For now, "we really need to understand what this protein is doing and its relationship to other proteins," said the study's lead author, Dr. Keith Josephs, a professor of neurology at the Mayo Clinic in Rochester, Minn. He said that everyone has the protein, but the abnormal form is found "in different parts of the cell and in ball-like deposits in certain areas in the brain. It's already been linked to amyotrophic lateral sclerosis, or Lou Gehrig's disease, and frontotemporal dementia."
In the study on aging based at the Mayo Clinic, researchers looked for TDP-43 it in brain samples from 342 people in a study of aging at Mayo. All of them had amyloid plaques in the brain, but many did not have dementia symptoms before they died. Of the total number of participants, 195, or 57 percent, had the abnormal protein. Less than 5 percent of the healthy general population would be expected to have it.
The discovery, which was discussed recently at the Alzheimer's Association International Conference in Copenhagen, could provide a new target for developing drugs and other treatments for Alzheimer's, the most common form of dementia. The study, which also described a new type of brain imaging that can show tau tangles in living people for the first time, could explain why many people have plaques and tangles in their brain yet show no symptoms of the disease. Autopsies on 342 brains revealed that people who had the new protein were 10 times more likely to have been mentally impaired when they died than those without it.
Previously, the only accurate diagnosis of Alzheimer's disease came after death, when brains were examined for amyloid and tau during an autopsy. Now there are methods to use imaging to reveal amyloid on brain scans, and an experimental product from Eli Lilly & Co. can do the same for tau. According to Dr. Clifford Jack, a Mayo Clinic dementia expert, tau correlates better with symptoms than amyloid does. Laurie Ryan of the National Institute on Aging, which funded both studies, agreed that the study was important in that it would help diagnose Alzheimer's and enroll people in studies testing treatments.

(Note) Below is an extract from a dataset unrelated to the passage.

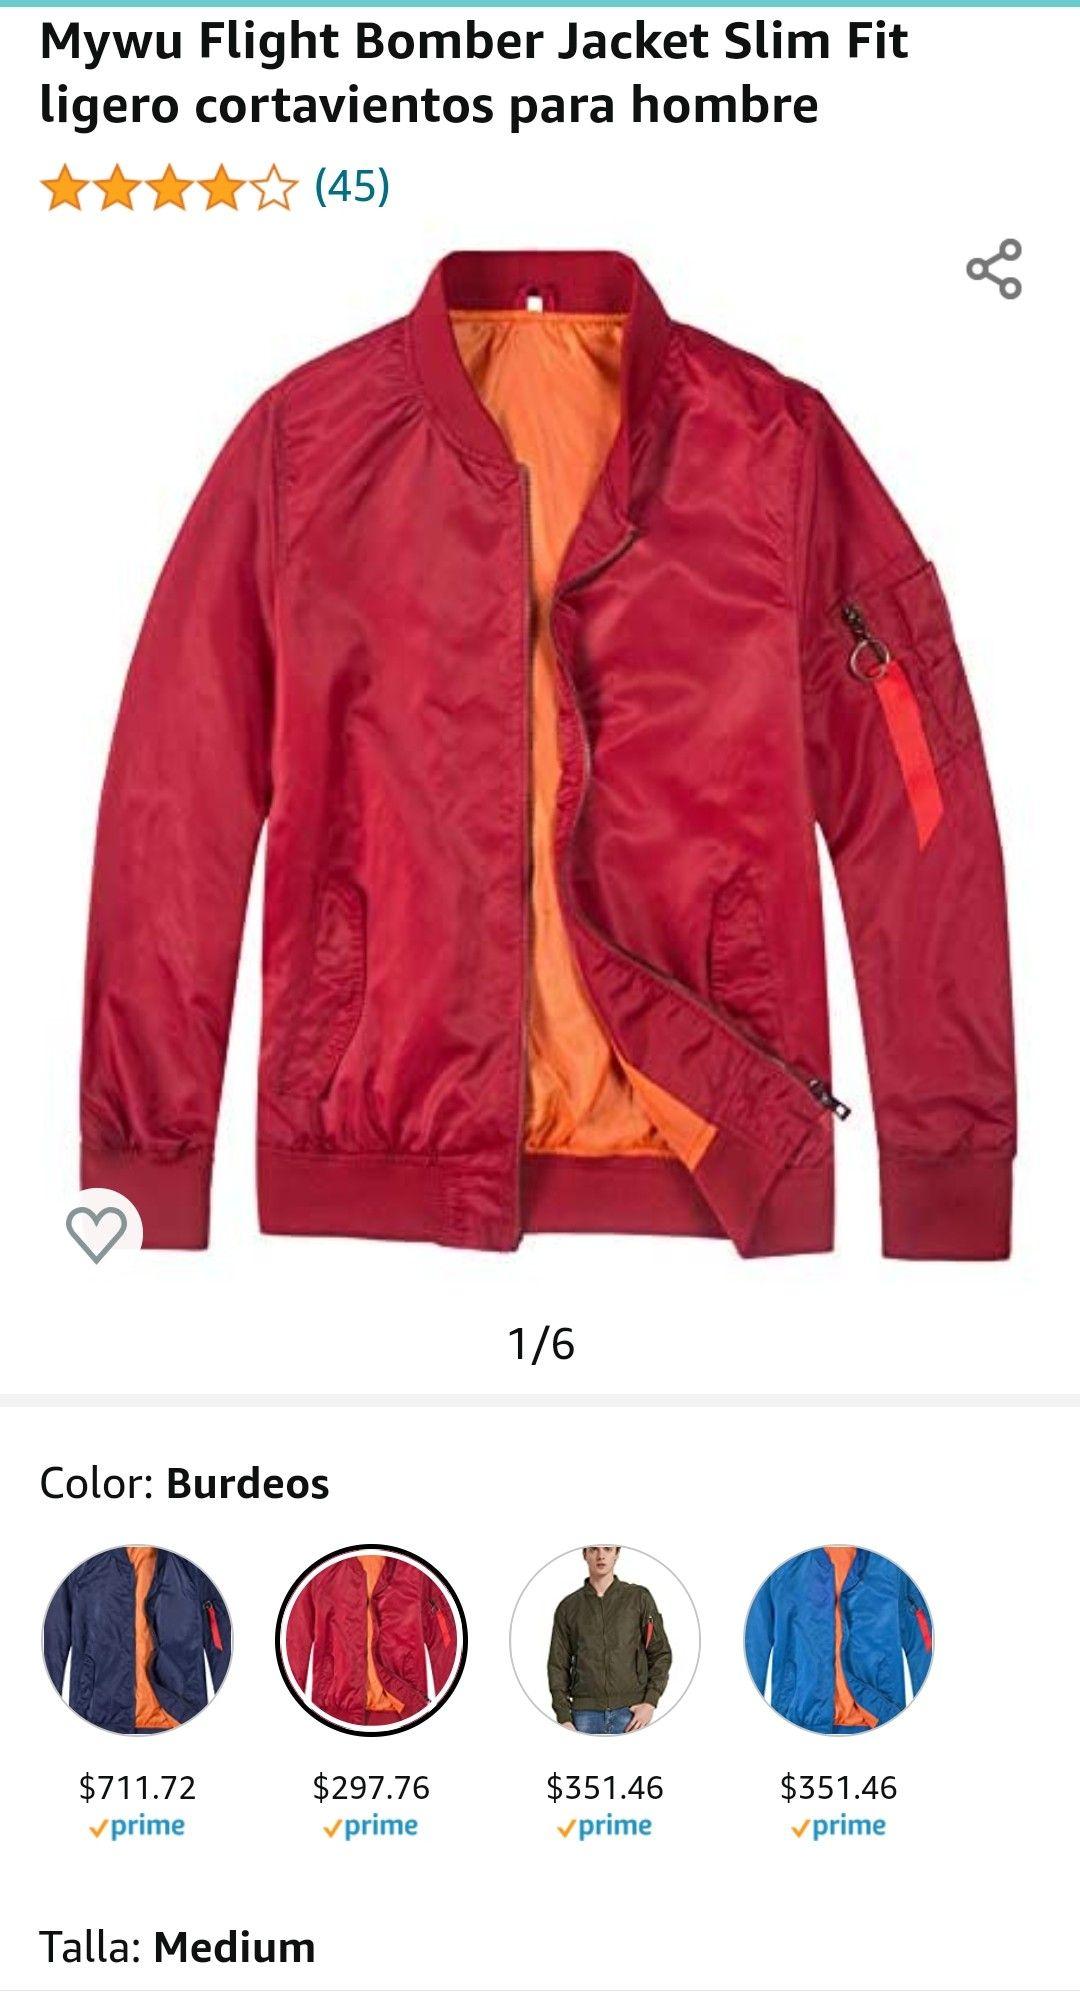 Amazon: Chamarra Bomber Slim Fit ligero cortavientos para hombre

The analysis of tau in the brain of people with Alzheimer's was described by researchers from Massachusetts General Hospital. After performing scans on 56 older people believed to be cognitively normal, they found that tau buildup in several brain regions correlated with memory decline. Of those who had the protein, 98 percent had dementia symptoms at the time of their death, versus only 81 percent of those without the protein.
How the new protein might be connected to Alzheimer's is uncertain. According to Josephs, "It's possible that it takes a while to get this protein. Maybe you have to have Alzheimer's developing for 25 years before this protein comes into play," Josephs suggested.
Dr. Anton Porsteinsson, director of the Alzheimer's Disease Care, Research and Education Program at the University of Rochester School of Medicine in Rochester, N.Y., noted that the protein in question has been linked to other brain diseases. "Does this maybe mean that neurodegenerative disorders are part of a broader continuum?" asked Porsteinsson, who reviewed the findings of the new study. He added that the diseases may share a similar cause or similarities in their later stages.
Josephs said he plans on continuing research into the role this protein plays in Alzheimer's.